When Joseph Tatusko sent out a press release last month announcing the launch of his new advisory firm, Mill Hill Advisors, the focus was on "fiduciary money management," which speaks volumes about how mainstream the idea of fiduciary has become.
Mr. Tatusko, who has worked as a registered investment adviser for more than 15 years, admits he is jumping on a bandwagon by leveraging his fiduciary status. But he also admits it is a bandwagon that didn't even exist a year ago before the Department of Labor unveiled its controversial rule.
"Today, the idea of being a fiduciary is more prominent than ever," Mr.
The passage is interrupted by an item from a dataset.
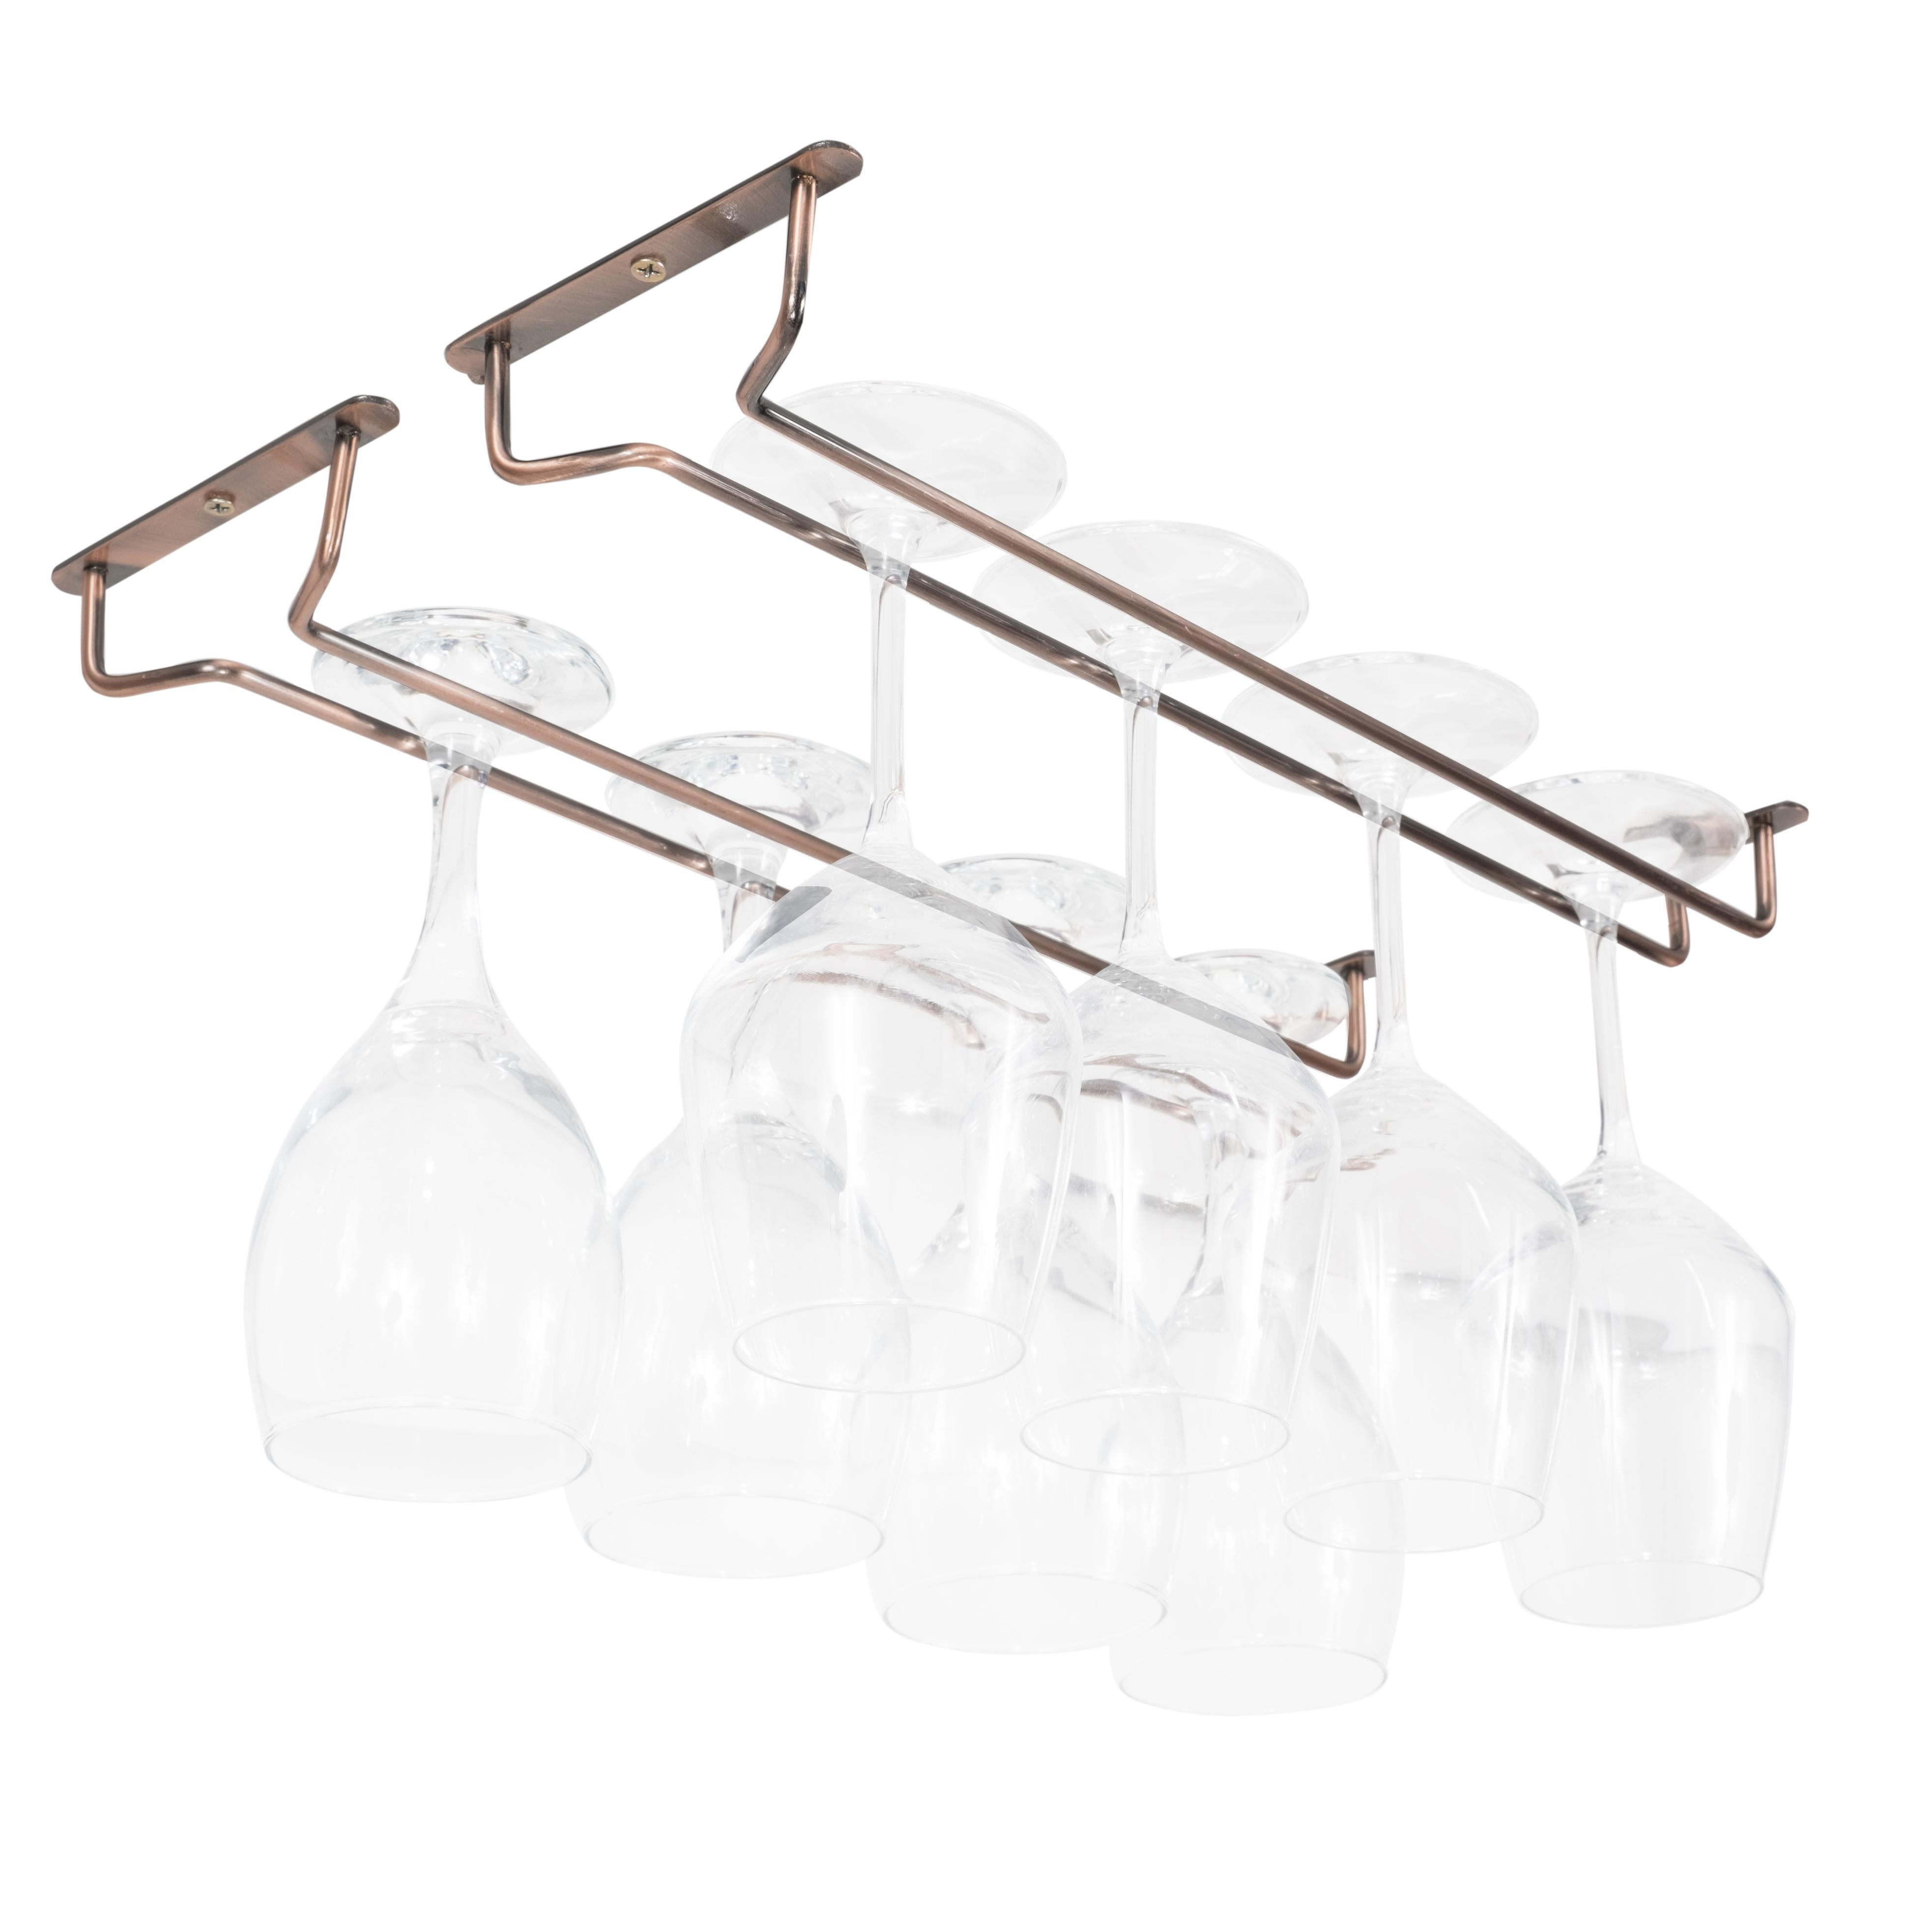 13 inch Chrome Glass Hanger Wine Glass Cup Holder Storage Rack Bar Hanging Shelf

Tatusko said. "It's all over the news, and consumers are becoming increasingly aware of it."
It might be too early to actually measure the benefits of leveraging the fiduciary status, but there is no denying that savvy RIAs are milking it for all its worth.
Even as haggling by industry lobbyists and Washington politicians threatens to alter and delay the DOL rule beyond this month's official launch date, large parts of the RIA industry have already moved past the actual rule and are embracing what the rule represents.
Greg Carlson, chief executive of the $1.6 billion Carlson Capital Management, said fiduciary duty has always been a part of his business, but only recently has he started seeing the advantages of actively promoting it to new and prospective clients.
"We just sent out a communication to all of our clients, explaining that we have always acted in their best interest, and we also mention it in our digital and print marketing," he said. "We are absolutely getting more inquiries about whether we're a fiduciary."
JC Abusaid, president and chief operating officer at the $2.5 billion Halbert Hargrove Global Advisors, said he has never seen so much attention paid to the topic of fiduciary duty.
"Finally, people are paying attention and asking smarter questions," he said. "We used to have to spend a lot of time explaining to clients what a fiduciary is."
Since the fiduciary buzz has kicked in, Mr. Abusaid and his colleagues have added the fiduciary label to their business cards, and "it is now all over our website, and even in our email signatures."
Vince DiLeva, senior partner at the $6 billion Signature Estate & Investment Advisors, said he is also noticing a lot more questions from clients about fiduciary duty.
"We sent out a newsletter last quarter that was all about the fiduciary rule and what you should know about it," he said. "In a sense, that was marketing, but we also reminded people that we've been doing things this way since 1997 and we're not going to change."